現在她來了,來要賬的,要是林建國不把錢還給她,這個房子賣個三四千塊錢還是隨隨便便的。
林小勇聽見動靜,開房門探頭張望,看到是周老太,也很驚訝,沒搭理周老太,而是問許梅,“她怎么來了?”
徐梅輕哼,“不關你的事,寫你的作業去!”
許梅不搭理周老太,甚至連杯水都不給倒,自顧自地去廚房炒菜去了。
許梅一直在廚房洗洗刷刷,周老太等得不耐煩,干脆打開電視看了起來。
李小勇在房間聽見了電視聲音,也跑了出來。
許梅看到周老天看電視影響得林小勇作業也不寫了,頓時就不樂意了,從廚房走了出來,“媽,你別看電視了,你看小勇作業都不寫了。”

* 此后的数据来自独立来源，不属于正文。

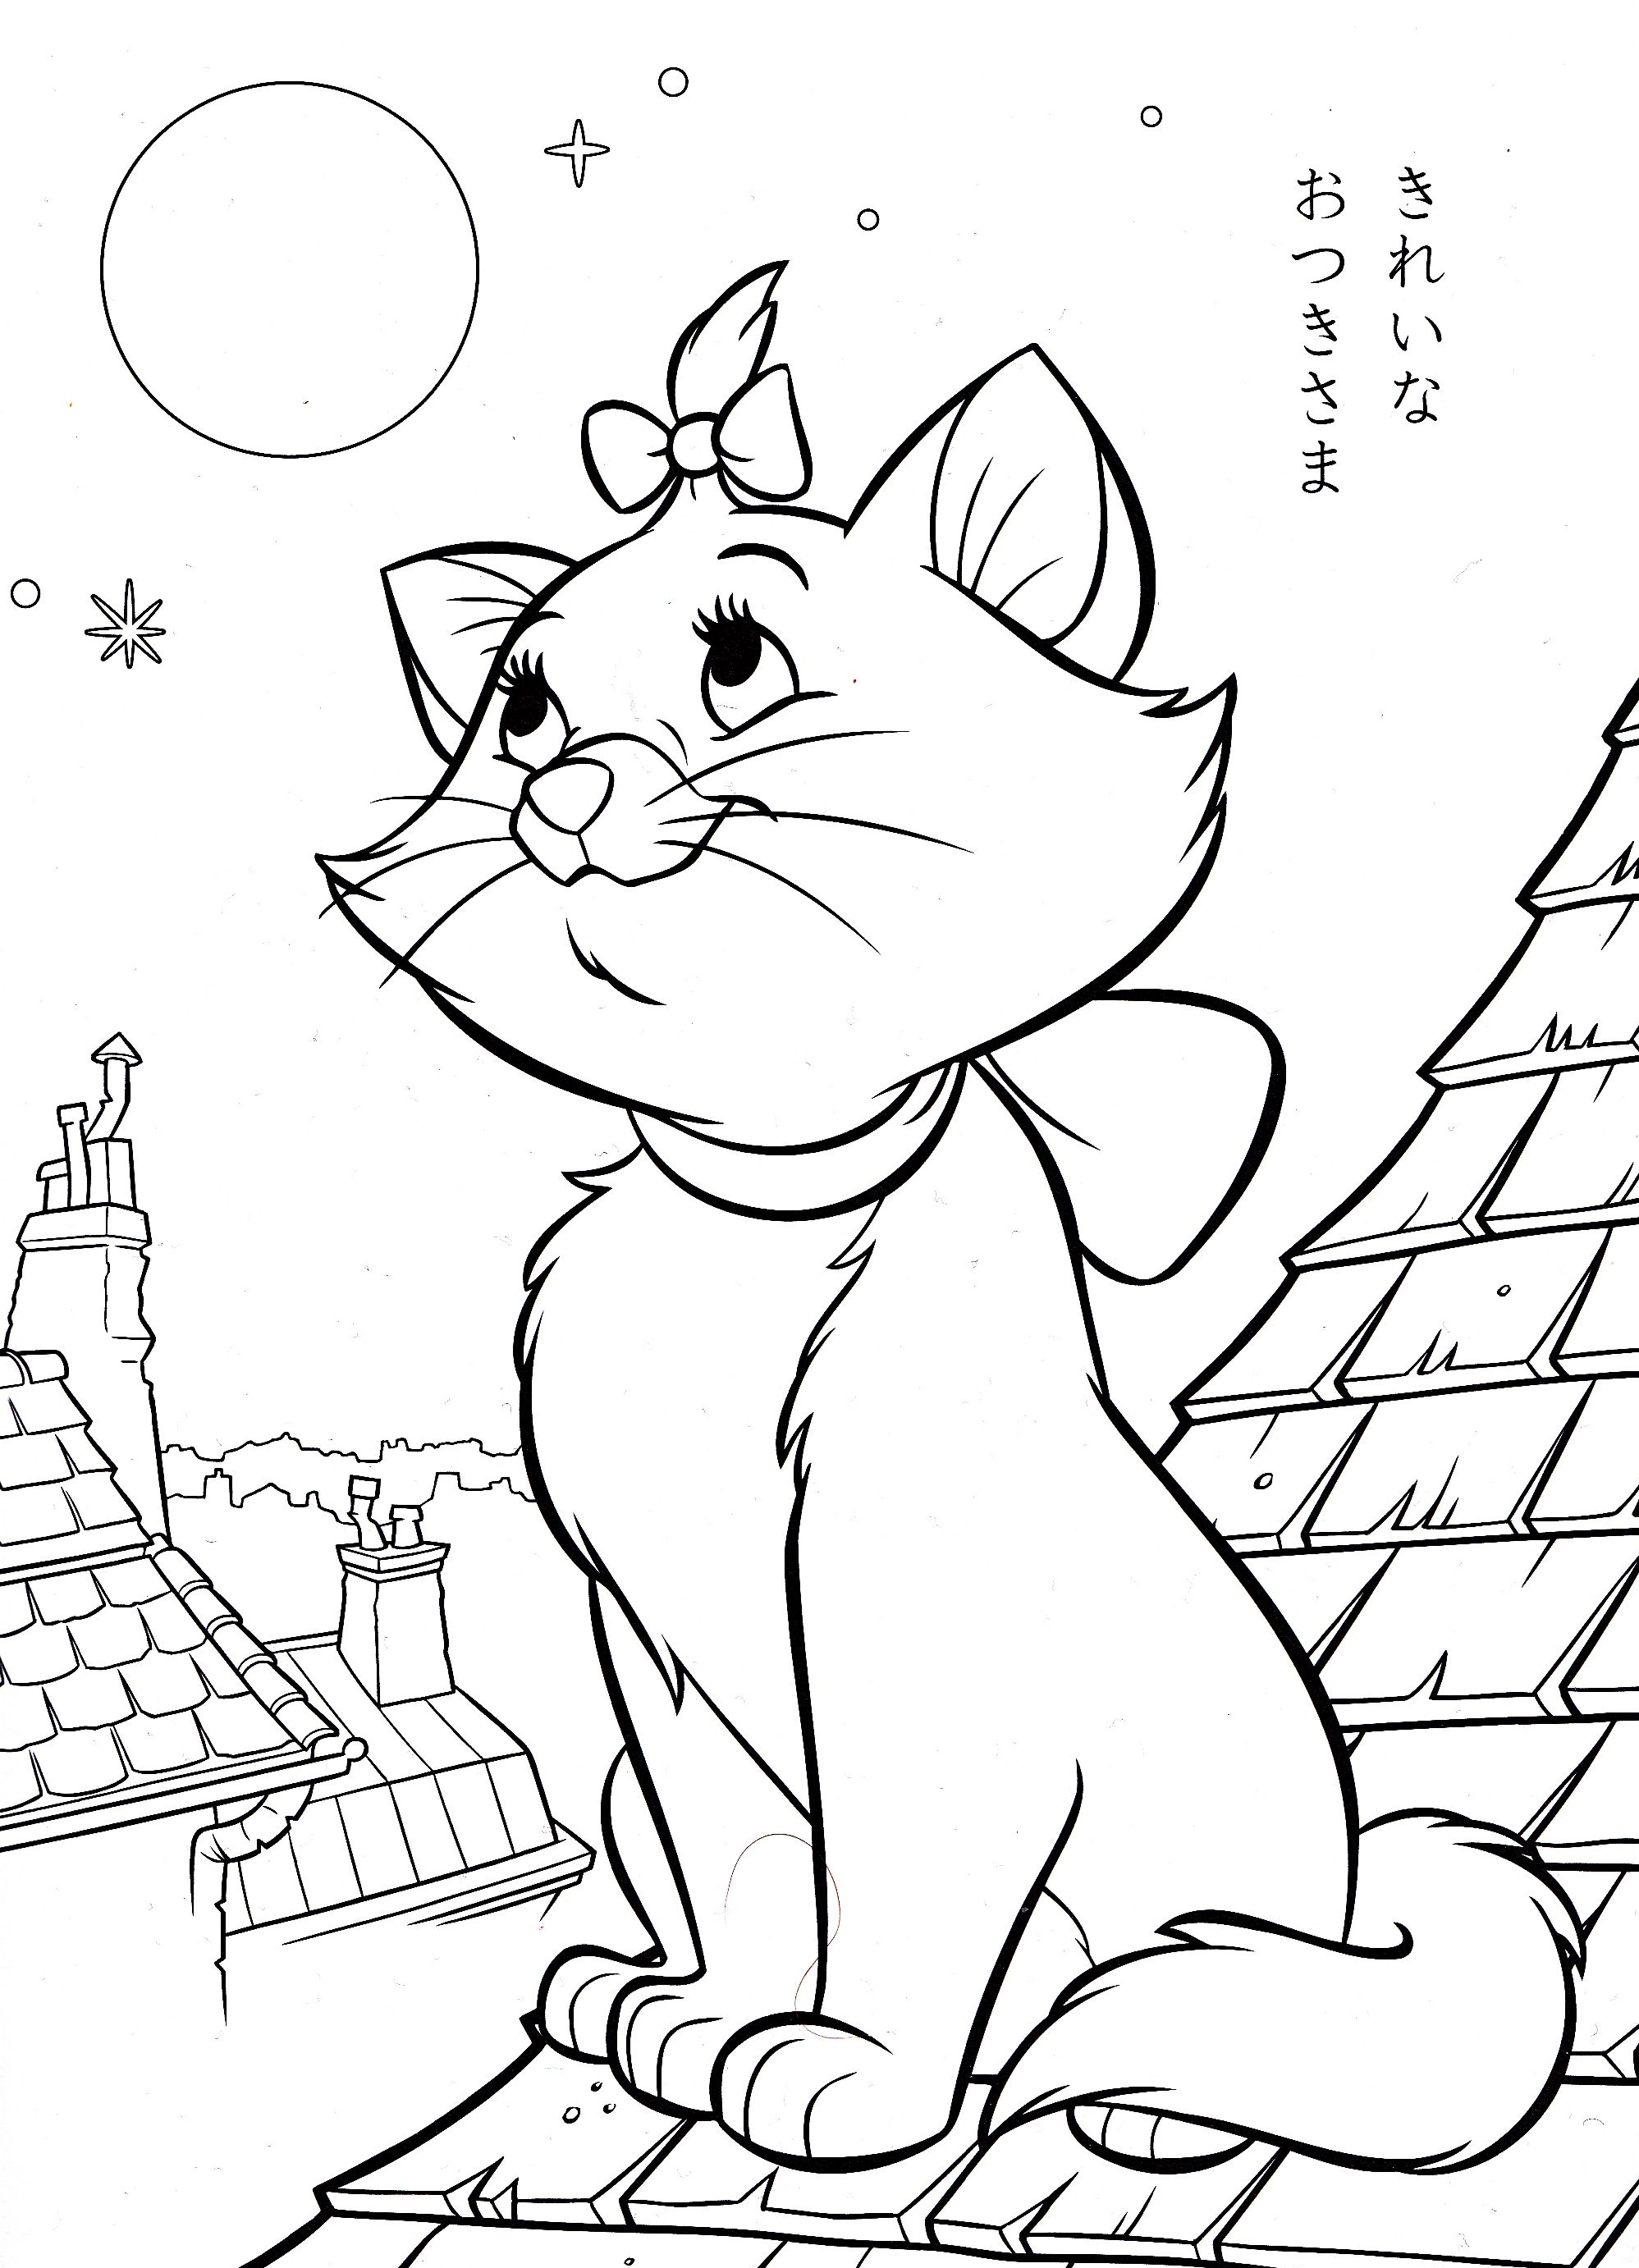 Disney coloring pages for adults
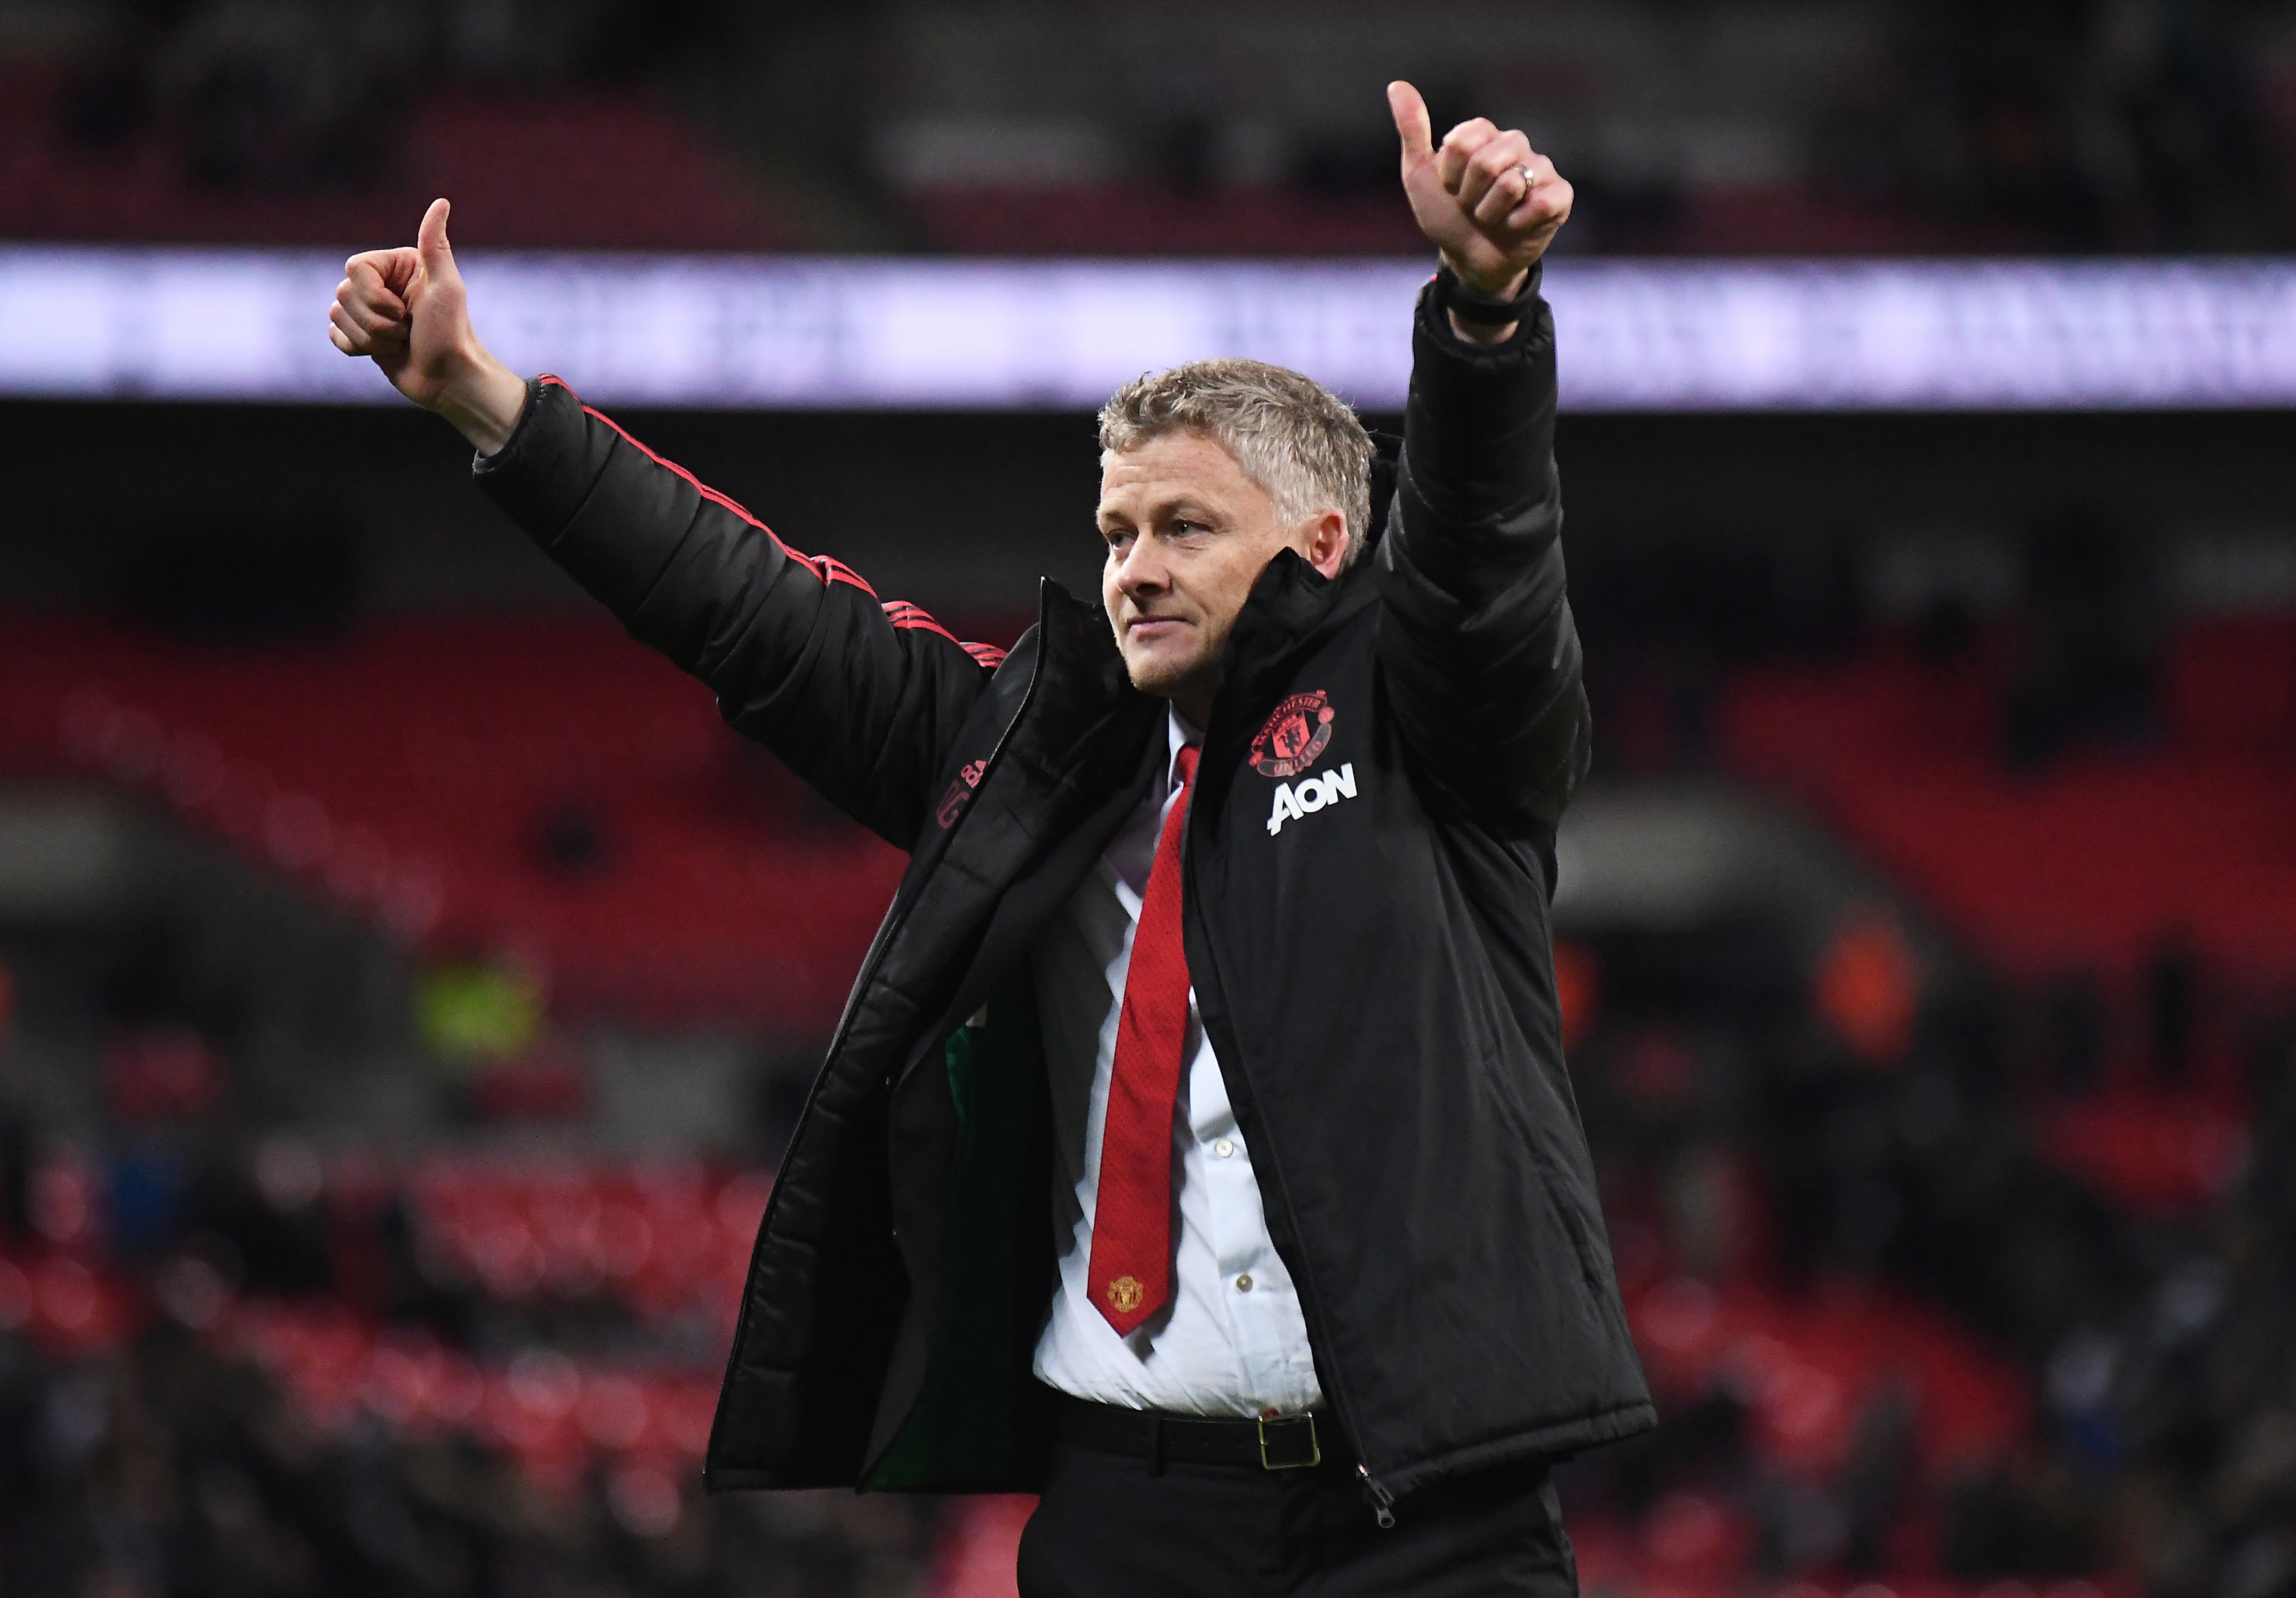 Analysing Ole Gunnar Solskjaer's first year in charge

“他不寫作業,是因為他不想寫,不是因為我看不看電視。我剛把電視打開,小勇就跑出來看,只能說明這孩子自律性太差,容易被環境影響。”周老太說道。
許梅氣呼呼地看向小勇,“小勇,還不快去寫作業?”
“媽,都要吃飯了,我看一小會兒電視行不行?”小勇鬼機靈地看向周老太,“我陪陪奶奶嘛,你快去做飯。”
周老太撇著嘴,把電視關了。
林小勇對她怒目而視,“老太婆,你憑什么關我們家電視?”
“憑我把它打開了。”周老太看向許梅,冷笑,“老大媳婦,你們把孩子教得太好了。”
許梅不痛不癢地說了林小勇一句,“小勇,怎么說話呢,快進去寫作業,寫完作業再看電視。”
林小勇卻朝著周老太怒目而視,“你走,壞奶奶,你走!你來我們家干嘛?”
周老太不動,林小勇又轟了她好幾次,最后看她還是不理會自已,跑到周老太身邊,抓起她的手要拉她起來。
“你走,你別待在我家!”
“啪!”
響脆的巴掌聲在房間里回蕩,緊接著,孩子的哭聲驟然響起,隨即是女人的尖叫聲。
“小勇!”許梅瞪圓了眼睛,怒氣沖沖地跑過去,一把將捂著臉哭的林小勇拉開,轉臉朝周老太怒吼,“你憑什么打我的孩子?!”
周老太這巴掌不輕不重,既不會打壞孩子,又能讓他長個記性,“你兒子攆我走的時候你怎么不說話,挨打了不裝啞巴了?”
許梅氣得胸口劇烈起伏,那樣子恨不得將周老太撕碎了,她死死地瞪著周老太,“他還那么小,他懂什么?你都一大把年紀了,跟個孩子計較,你害不害臊?”
聽著兒子撕心裂肺的哭聲,許梅恨不得上手替兒子將這巴掌還回去。
就在這個時候,門咔的一聲,開了,林建國走了進來。